15-08-2017 дата публикации

Negative ribbon ion beams from pulsed plasmas

Номер: US0009734991B2
Автор: Daniel Distaso, Svetlana B. Radovanov, Joseph P. Dzengeleski, DISTASO DANIEL, RADOVANOV SVETLANA B, DZENGELESKI JOSEPH P, Distaso Daniel, Radovanov Svetlana B., Dzengeleski Joseph P.
Принадлежит: Varian Semiconductor Equipment Associates, Inc., VARIAN SEMICONDUCTOR EQUIPMENT ASS INC

An apparatus and method for the creation of negative ion beams is disclosed. The apparatus includes an RF ion source, having an extraction aperture. An antenna disposed proximate a dielectric window is energized by a pulsed RF power supply.

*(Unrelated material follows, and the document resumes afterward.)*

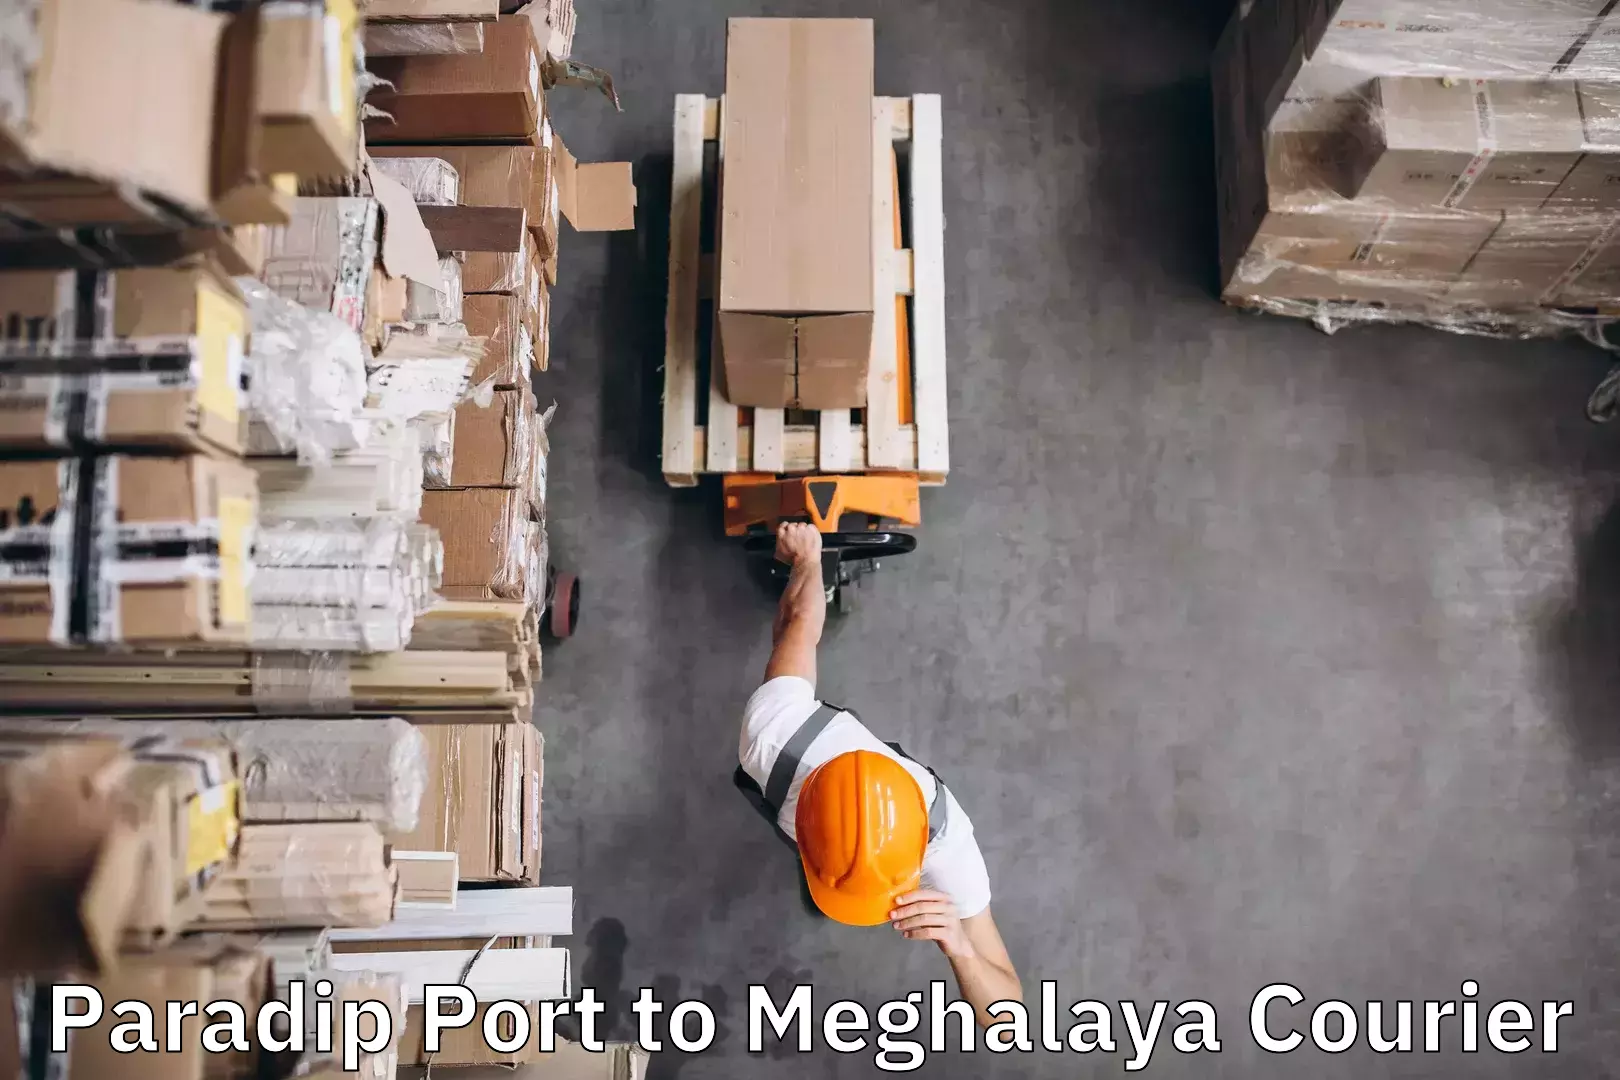 Luggage delivery providers Paradip Port to Marshillong

While the RF power supply is actuated, a plasma containing primarily positive ions and electrons is created. When the RF power supply is deactivated, the plasma transforms into an ion-ion plasma. Negative ions may be extracted from the RF ion source while the RF power supply is deactivated. These negative ions, in the form of a negative ribbon ion beam, may be directed toward a workpiece at a specific incident angle. Further, both a positive ion beam and a negative ion beam may be extracted from the same ion source by pulsing the bias power supply multiple times each period.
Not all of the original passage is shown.